Revalorisant les métiers de la banque, le Crédit Agricole Anjou Maine avance également en interne sur l’acquisition de compétences. En collaboration avec Quaternaire et l’ESSCA (École de Management) à Angers, la caisse régionale a créé son propre parcours de formation « Manager Agiléo » pour développer un management agile, inscrit dans une dynamique d’amélioration continue, résolument orienté client. Et d’autres changements de paradigme ont lieu. « Nous sommes désormais davantage sur une logique d’employabilité que de carrière, analyse Patricia Guillot. Un salarié, qui intègre notre banque, doit pouvoir développer les compétences lui permettant demain d’explorer d’autres voies. « 

« Pour se différencier, il faut donner du sens et l’envie à des jeunes entrepreneurs de rejoindre une entreprise elle-même porteuse de sens »

La compagnie maritime Brittany Ferries s’est engagée, elle aussi, dans une profonde transformation. « Notre entreprise française est portée à 80 % par le flux de passagers anglais. Avec des fluctuations de résultats en période de livre basse, indique Christophe Mathieu, son CEO. Nous devons sans cesse accroître notre rentabilité pour rendre notre compagnie plus forte et maître de son destin. » L’entreprise, pour cela, a reposé ses objectifs stratégiques dans un ambitieux projet d’entreprise.
Elle a notamment redéfini ses approches managériales historiquement « hiérarchiques et descendantes », en alliant la « verticalité » nécessaire pour le commandement d’un navire et des méthodes plus transversales, collectives.
Sur une dizaine de bateaux, le Management Visuel permet ainsi aux équipages d’organiser ensemble leur semaine de travail, de partager des instructions claires et de se donner des axes d’amélioration concrets. Ce virage s’appuie sur une conviction forte : « Pour se différencier, il faut donner du sens et l’envie à des jeunes entrepreneurs de rejoindre une entreprise, elle-même, porteuse de sens ».

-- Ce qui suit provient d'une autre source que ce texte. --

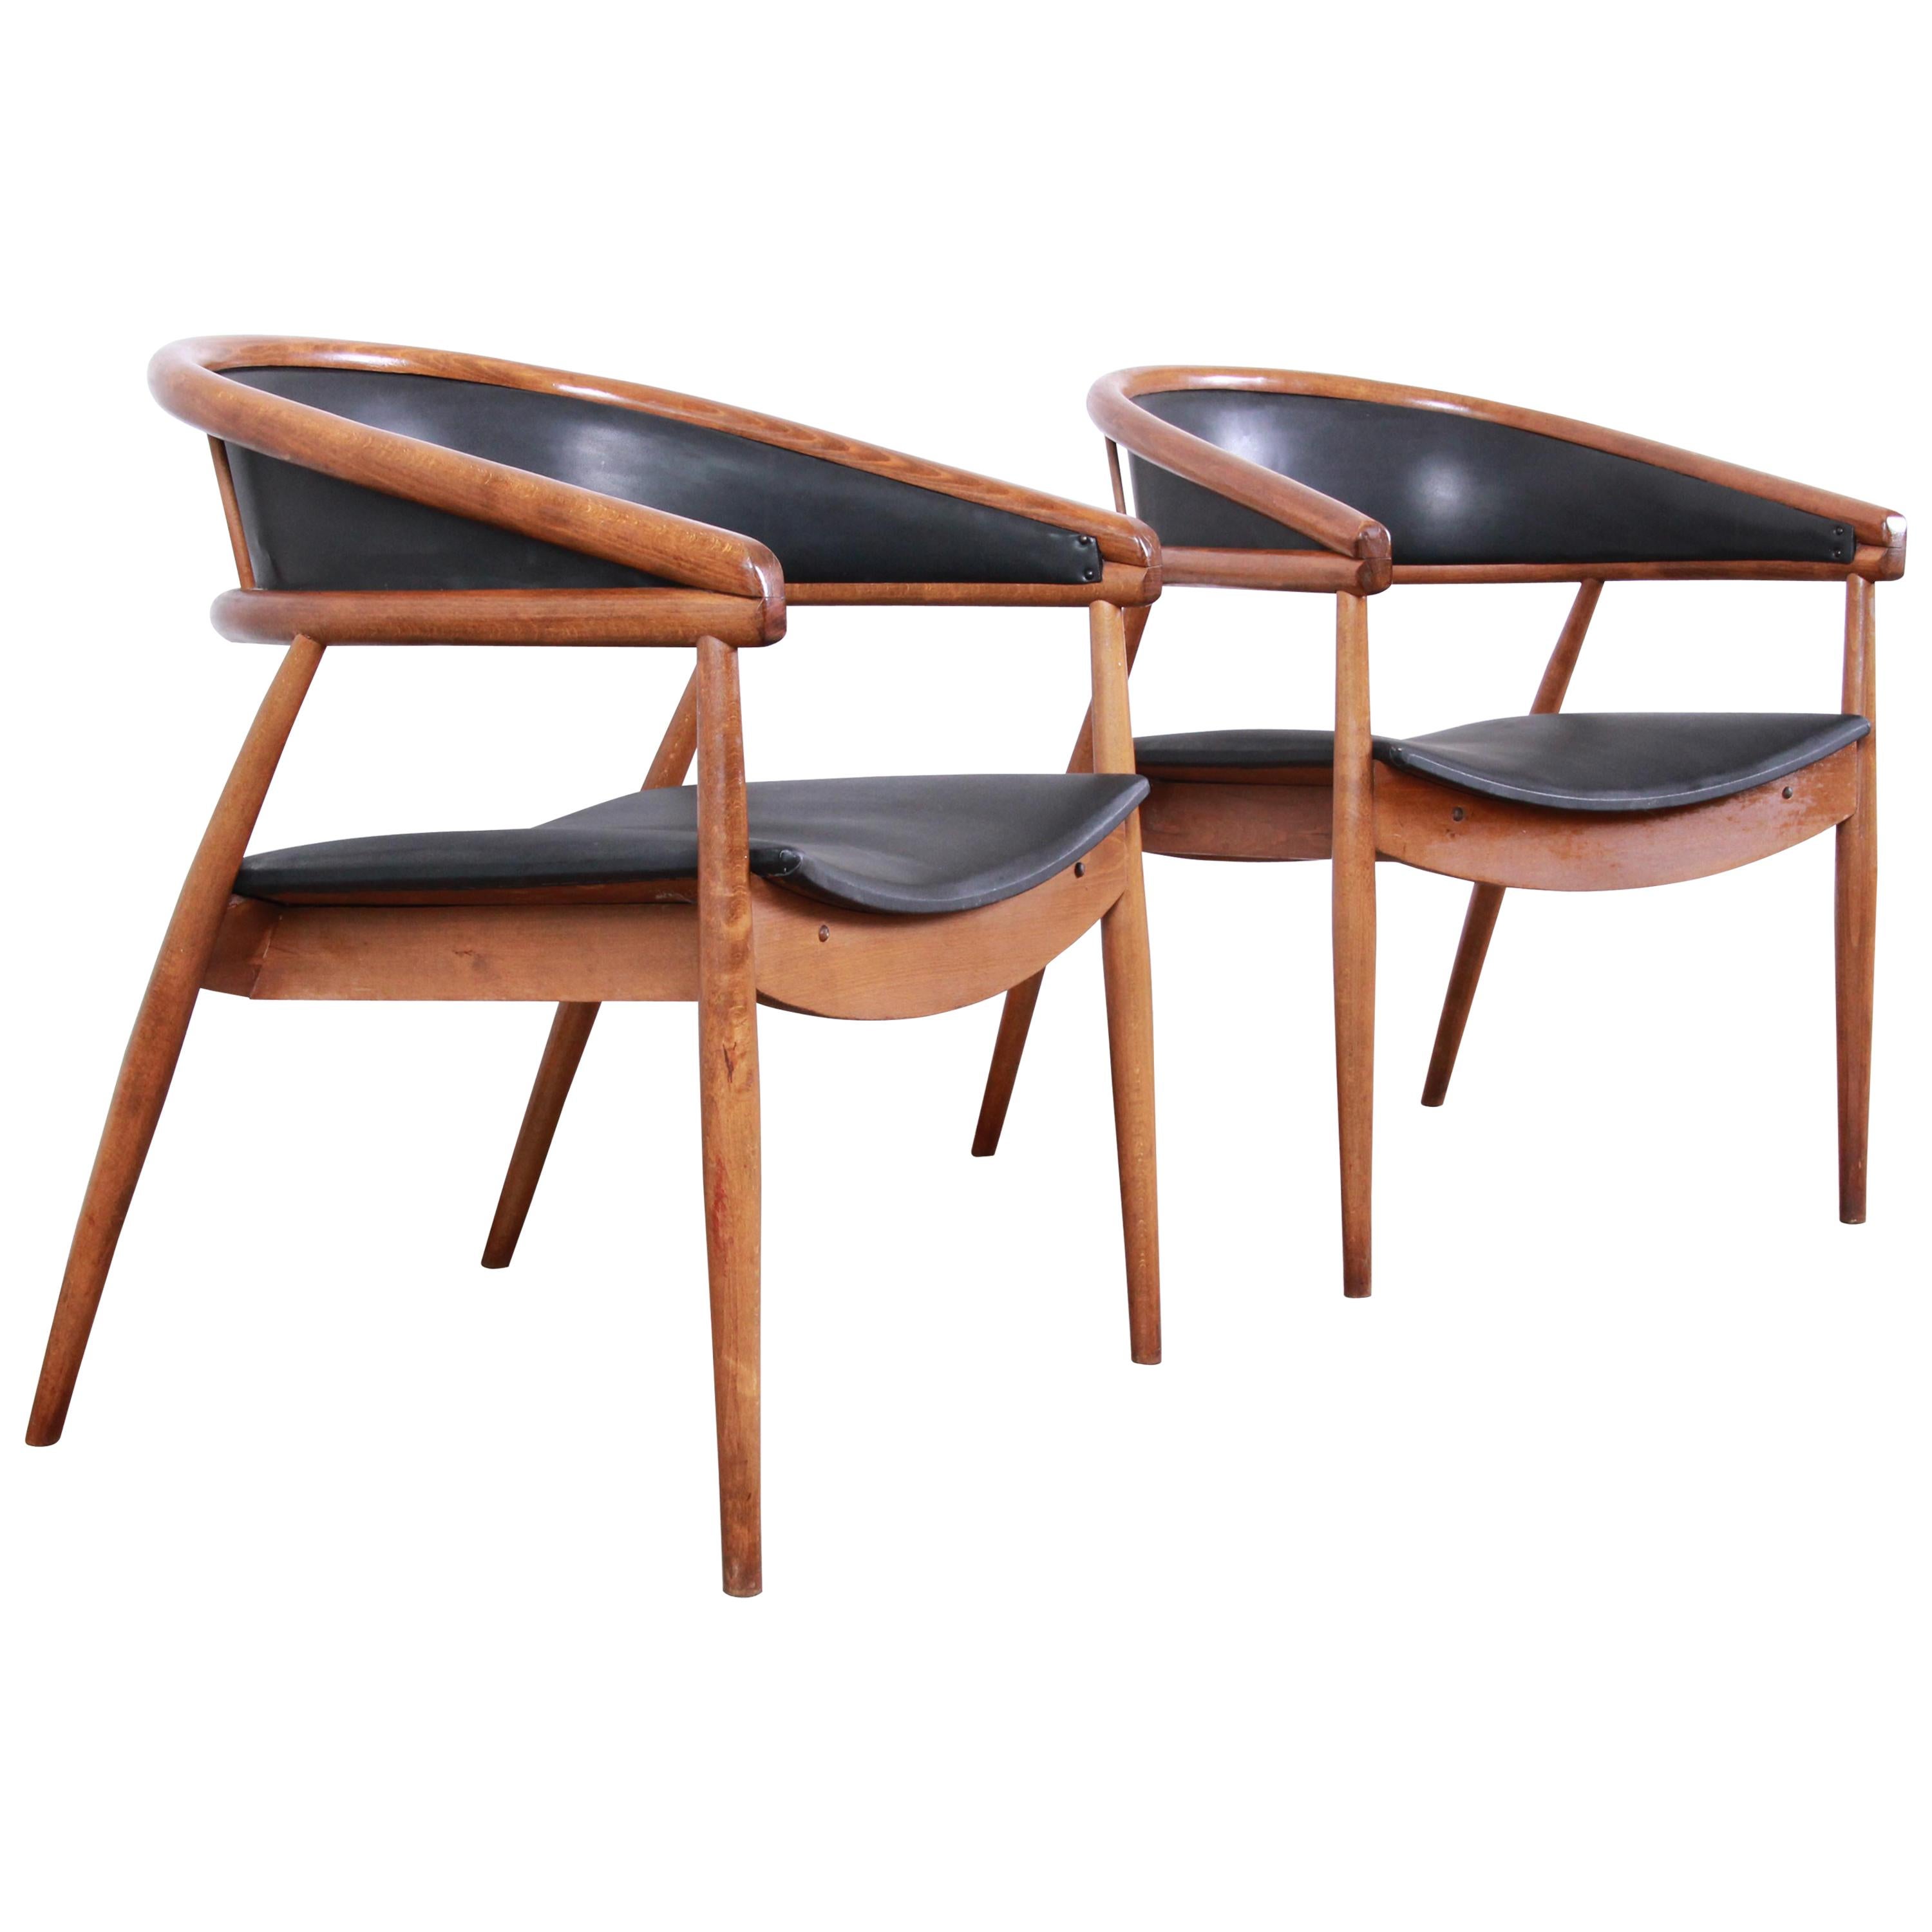 James Mont Style Mid-Century Modern Bentwood Club Chairs, Pair

Redonner du pouvoir en local

Pour bioMérieux, expert mondial en diagnostic de maladies infectieuses, l’heure est venue d’engager aussi un cycle de croissance durable. Et de se réinventer, en clarifiant notamment les responsabilités de chacun. « Le manager est devenu le « gestionnaire de l’incohérence permanente ». Il doit, par exemple, introduire des outils digitaux dans son équipe, auxquels les « super Z » et les collaborateurs plus anciens ne sont pas acculturés de la même manière », illustre Stéphane de Saint Jean. Selon le Directeur des Opérations industrielles Europe, il est important d’expliquer et de donner du sens à la transformation pour embarquer tout le monde.
Sur le terrain, le changement est déjà à l’œuvre. « Avant, toutes les équipes étaient organisées selon un mode de fonctionnement standard. Aujourd’hui, nous redonnons de l’autonomie en local, note Stéphane de Saint-Jean. Quand un manager émet une idée de management pour son équipe, on lui laisse désormais l’opportunité de mener un Proof of Concept. Ce qui est nouveau dans notre entreprise de tradition familiale habituée à valider tous les circuits… « 

Culture intrapreneuriale, raison d’être, système de délégation… Autant d’évolutions, qui participent à ériger le management de demain.